This tutorial
This tutorial is inspired by the vignettes provided with the
ergm package, and aims to teach you how to model network
structure using exponential random graph models (ERGMs). Today we are
going to deal with the following topics:
Data
The ergm package contains several network data sets for practice examples. Today, we’re going to use data on florentine marriage ties.
data(package='ergm') # tells us the datasets in our packages
data(florentine) # loads flomarriage and flobusiness data
flomarriage # Data on marriage alliances among Renaissance Florentine families
?florentine # You can see more information about the attributes in the help file.
We see 16 nodes and 20 edges in this undirected network. Let’s get a little more information about the network. What is this network’s density? What attributes are attached to the nodes of this network that we might use in modelling?
net_density(flomarriage)
net_node_attributes(flomarriage)
net_tie_attributes(flomarriage)
There are a few attributes for the nodes: priorates, totalties, wealth. All 3 are numeric valued attributes.
Visualisation
Now, let’s visualise this network (with labels), and sizing the nodes by their wealth. What do you observe? Describe the network in terms of configurations.
graphr(flomarriage, node_size = "wealth")
as_tidygraph(flomarriage) %>% mutate_nodes(Degree = node_deg()) %>%
mutate_ties(Triangles = tie_is_triangular()) %>%
graphr(node_size = "Degree", edge_color = "Triangles")

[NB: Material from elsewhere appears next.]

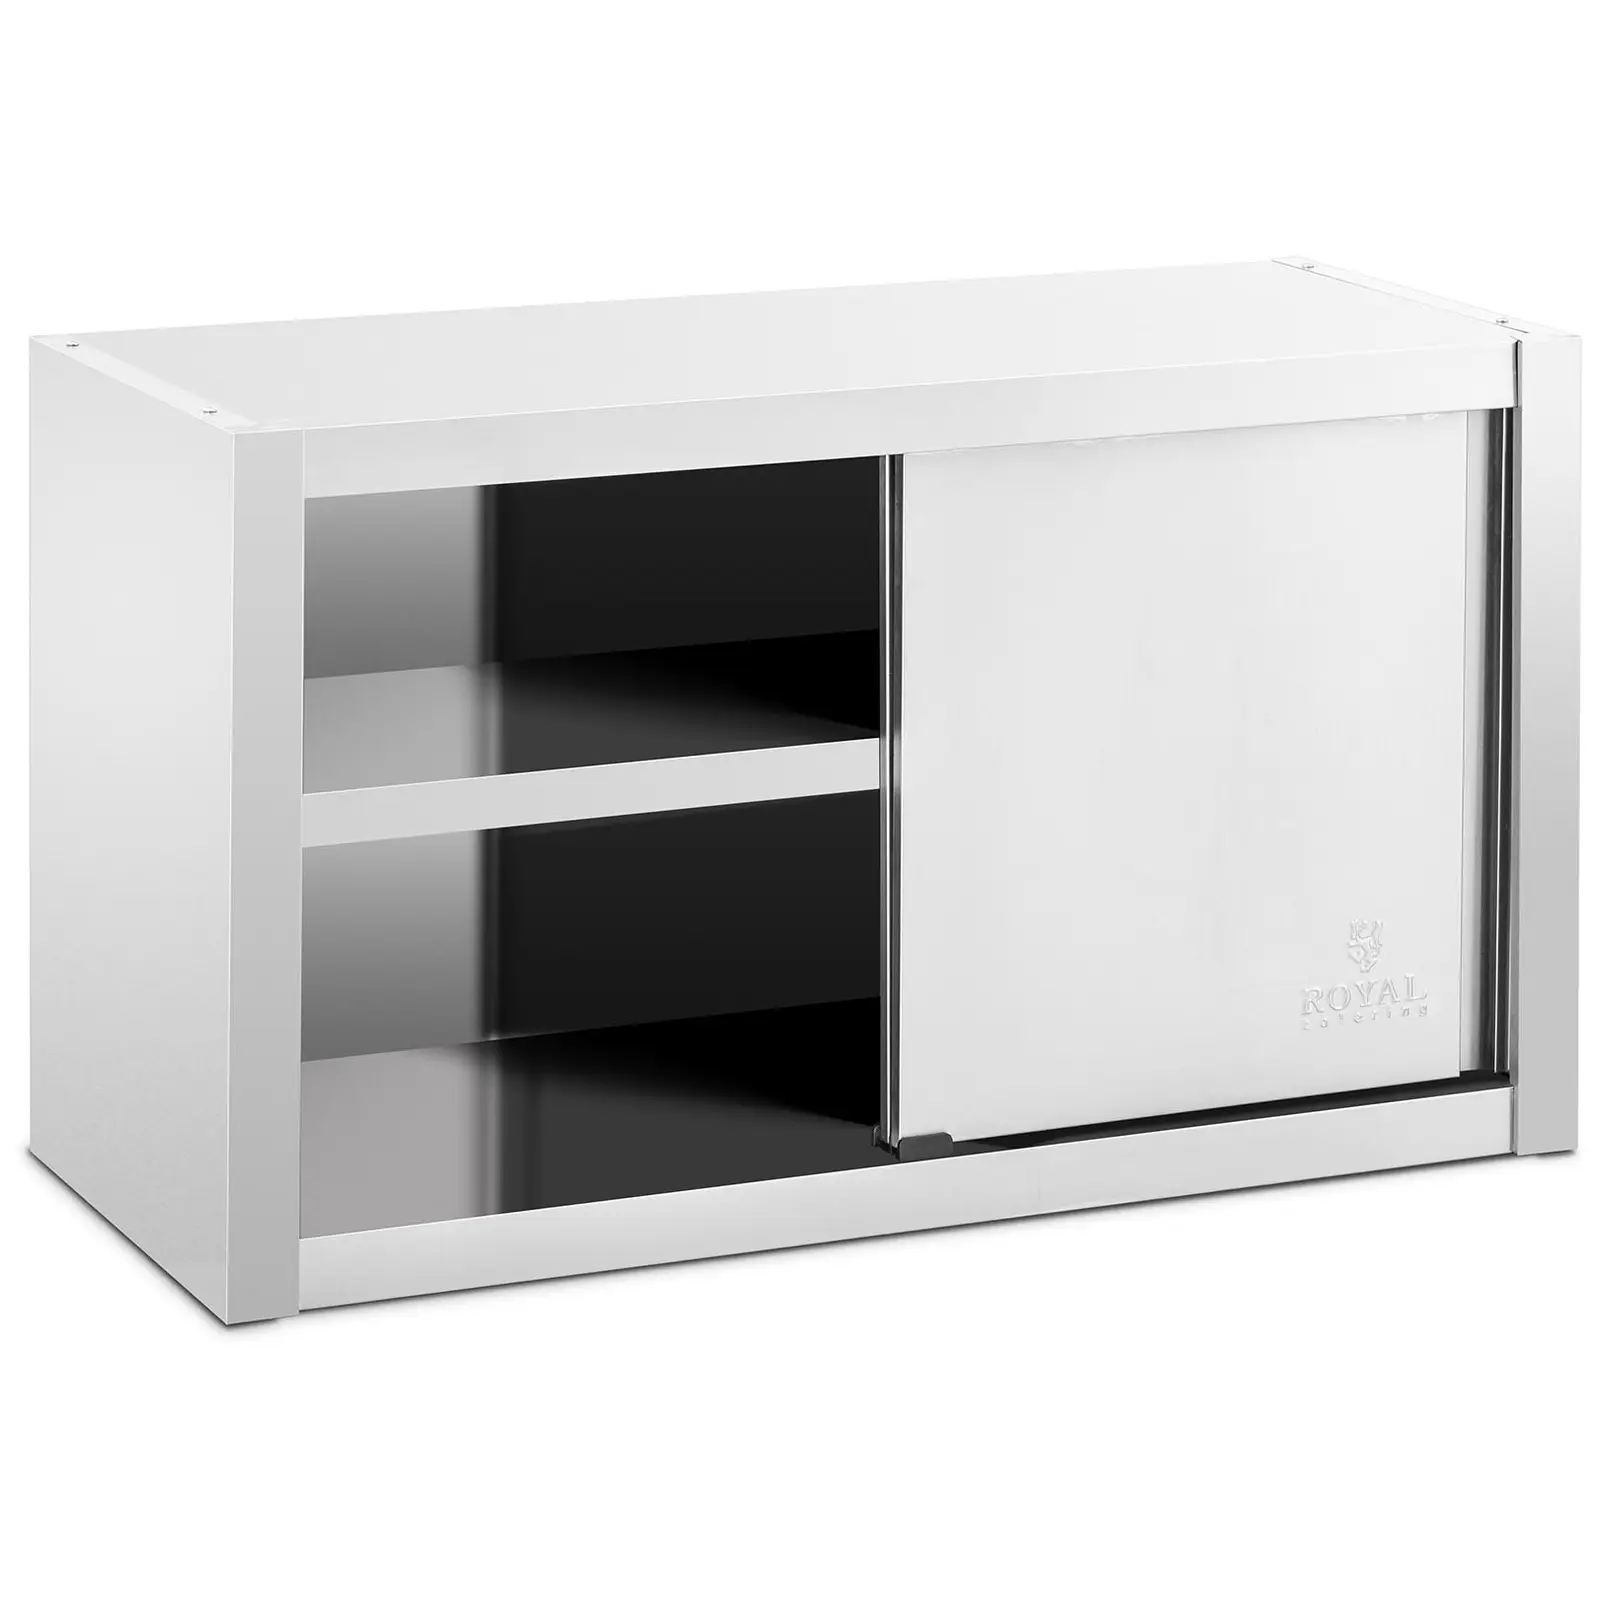 Factory second Stainless Steel Hanging Cabinet - 100 x 45 cm

Network configurations are small patterns of ties within the graph or subgraphs, which are sometimes referred to as network motifs (Milo et al. 2002 in Lubell et al. 2014, p. 23). If a configuration represents an outcome of some social process occurring within the network, then that configuration occurring at a higher frequency in the observed network than expected by chance once other possibly relevant processes are controlled can be viewed as evidence for such a process/mechanism.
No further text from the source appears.